Limitations and future research
Our study also has some limitations. First, the validation of the proposed model was conducted solely within the context of a route planning task, lacking verification in complex flight combat scenarios; future work should further validate its effectiveness in intricate settings involving multiple tasks and multi-channel conflicts. Furthermore, future research could involve a more detailed categorization of sub-tasks to calibrate task conflict coefficients and priority processing levels, and employ physiological measurements to assess channel occupancy across different sub-tasks, thereby further enhancing the precision of the multimodal interaction technology evaluation model.
Conclusion
This study proposed and validated a comprehensive ergonomic evaluation model for multimodal interaction in aircraft cockpits, addressing the limitations of existing single-channel or prototype-based evaluation approaches.
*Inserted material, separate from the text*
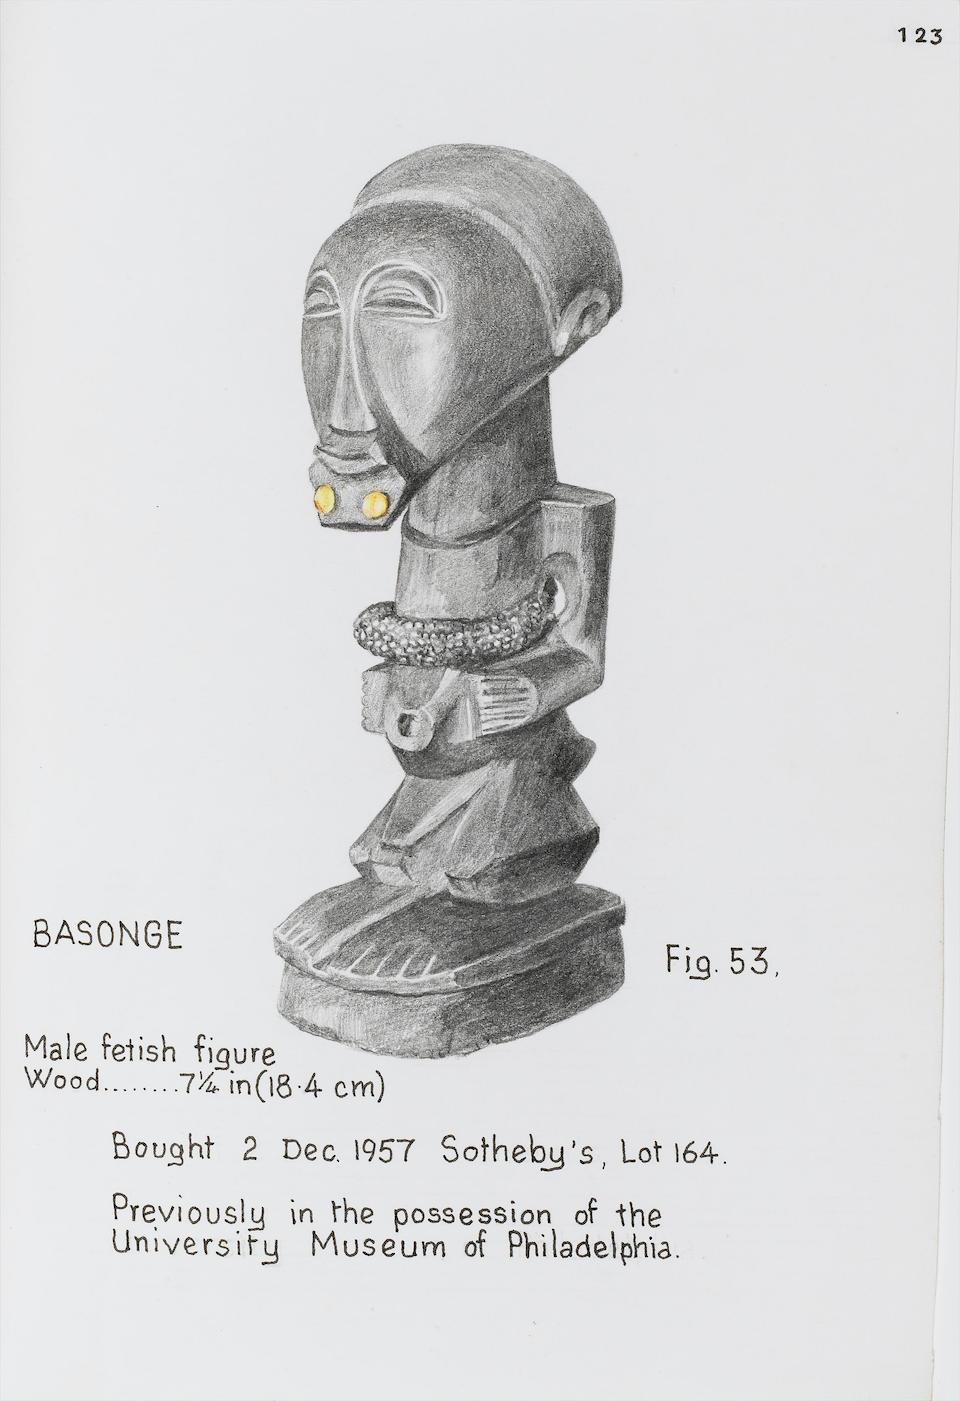 A Songye male fetish figure 18.4cm

By integrating “Task Conflict Assessment–Channel Conflict Assessment–Channel Load Assessment”, the model provides a systematic framework for assessing workload distribution and potential channel conflicts during the design phase. Validation experiments demonstrated that although multimodal interaction incurred higher task time and subjective workload compared to tactile interaction, the evaluation results of the proposed model were consistent with subjective assessments. The significant correlation between model outcomes and NASA-TLX scores further confirmed its reliability. Moreover, multimodal interaction mode enables a more balanced distribution of workload across different channels, indicating its potential advantages for managing complex multi-channel tasks in the future. These findings highlight the model's potential to serve as a practical tool for early-stage cockpit interface design, enabling designers to identify workload issues before physical prototyping, reduce redesign costs, and ultimately optimize the efficiency and safety of future multimodal cockpit systems.
Footnotes
Acknowledgements
We thank the editor and the reviewers for their useful feedback that improved this paper.
Ethical approval
This study was conducted in accordance with the ethical principles of the Declaration of Helsinki and was approved by the Tsinghua University Committee on Science and Technology Ethics (Approval No.: THU04KS2025005).
Informed consent
Written informed consent was obtained from all participants.
Funding
The authors disclosed receipt of the following financial support for the research, authorship, and/or publication of this article: This work was supported by the Foundation of National Key Laboratory of Human Factors Engineering (Grant No. HFNKL2023J09) and the National Natural Science Foundation of China (Grant No. 72171130).
Declaration of conflicting interests
The authors declared no potential conflicts of interest with respect to the research, authorship, and/or publication of this article. This article is a revised and expanded version of a paper entitled [Ergonomics evaluation modeling of multimodal interaction technology for airplane cockpit and experimental validation] presented at [IEA2024, JEJU Korea and August 25–29].